Man steals wallet and loses his own
A man who was interviewing for a new job stole the wallet of his interviewer. Then a couple days later called back to ask if anyone found HIS wallet, it turns out that the police aren't exactly dumb and went and arrested the guy. Apparently, he stole the wallet then ditched it after using the credit card, but also lost his own wallet in the process.
Muggers get stabbed with own weapons they were just stabbing with
Two criminals with long rap sheets one with a murder charge and the other with rape charge met up in prison and decided that when they got out they would start robbing women while riding a motorcycle. Their preferred method of attack is to find women alone on their way to work and pull a snatch and grab on jewelery or purses. However, when they snatched a 44 year old woman's chain and drove off on their motorcycle the universe just had enough. The woman called a nearby village that she knew the crooks would be traveling through and the citizens promptly made a human wall of crime stopping. The thieves tried to get through but crashed and fled into nearby dry shrubbery. So the villagers naturally set the tinder aflame. The criminals started stabbing at the villagers with freaking daggers, but then they were over powered and stabbed with their own weapons. No one was killed but their ego's apparently committed suicide.
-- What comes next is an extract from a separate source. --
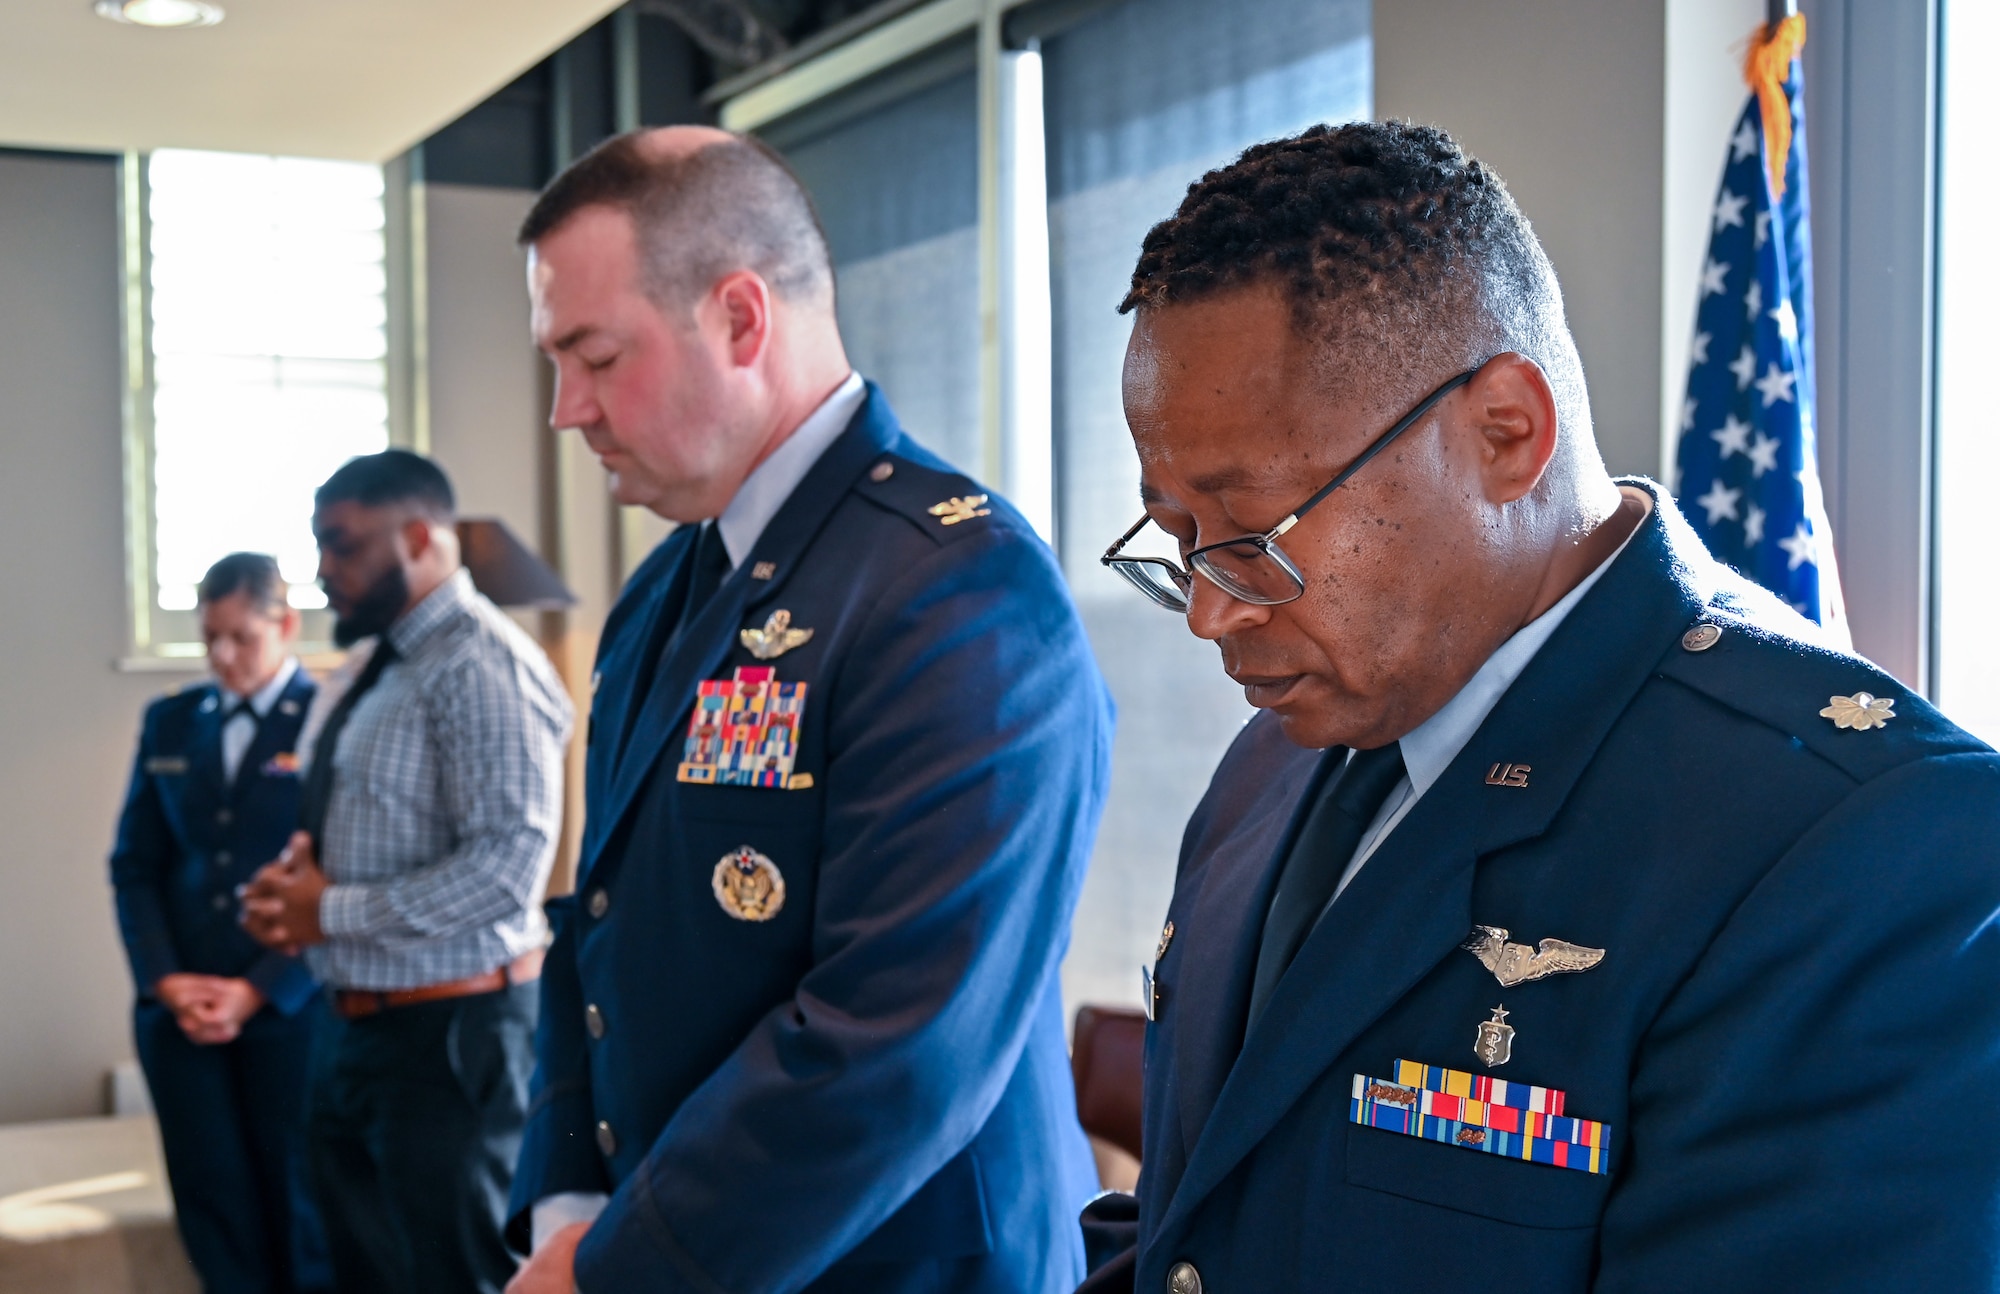 Lt. Col. Alvin Bradford, 507th Medical Squadron commander, promotes to the rank of colonel during a promotion ceremony September 30, 2022, Oklahoma City, Oklahoma. (U.S. Air Force photo by 2nd Lt. Mary Begy)

Murderer Chokes on Chicken Leg Before Sentencing
The universe must be a pretty good judge of character because while awaiting trial (a couple days before) for murdering his wife because she didn't pay the cable bill while he was in the hospital. It took him seven days to die after the oxygen supply was cut to his brain. He choked because he was toothless and failed to cut his chicken small enough. It seems every one is shaking the universes hand because even his son said that the chicken leg was "sent by God".
Arsonist Lights himself on Fire in the Process
Arson must take a little more chutzpa than other crimes. There are alot of angles that could go wrong, also the universe seems to hate them with a passion. As Lee Sood found out when he tried to burn down a pub in Rugby, Warwickshire. Him and two accomplices (one playing getaway driver) went into the pub and tried to burn the place down and run out. However, they ended up lighting themselves in the process and fleeing the building with clothes aflame. Thanks to his burned skin being on the burned shirt he left at the scene he is now in jail for 4 years and his friends helped cops catch him.
"Magic Bullet" kills robber, baffles police
This maybe the same bullet that killed JFK because it pulls off some crazy shit. A man walked into a Travel Lodge in Atlanta where he proceeded to point his gun in the face of a 19 year old staff member at the cash register. The 19 year old employee hands over the money as quickly as he can but for some reason that we cannot see in the video the robber pulls the trigger and shoots the employee in the stomach. This is where everything just gets weird. In a moment of sheer nonsensical physics the bullet hits the robber in the head, killing him. Either it was the same bullet that went through the stomach of the employee or the gun fired two rounds, either way it doesn't make sense that the robber got hit right in the head. Nice one universe, nice one.
Getting humiliated by the store clerk owner
A robber by the name of Corey Allen Funk tried to rob a convenience store in Modesto California. Only to find out that the super human Edward Petrossi was the owner and store clerk that night. Petrossi is an immigrant from Iran, who likes belts that happen to be black and by like we mean has been awarded 6 black belts. When all of the customers leave the store Corey Funk tries to sneak behind the cash register and take Petrossi's money. A moment later Funk is jump kicked through the glass doors and sent rolling onto the street. After a comical scuffle ensues and Petrossi is calm enough to take a perfect photo of the thief's license plate, he even zoomed in, and if he had a better phone it would probably be Instagrammed. Funk was arrested for a string of robberies that was now ended by the Mr. Petrossi.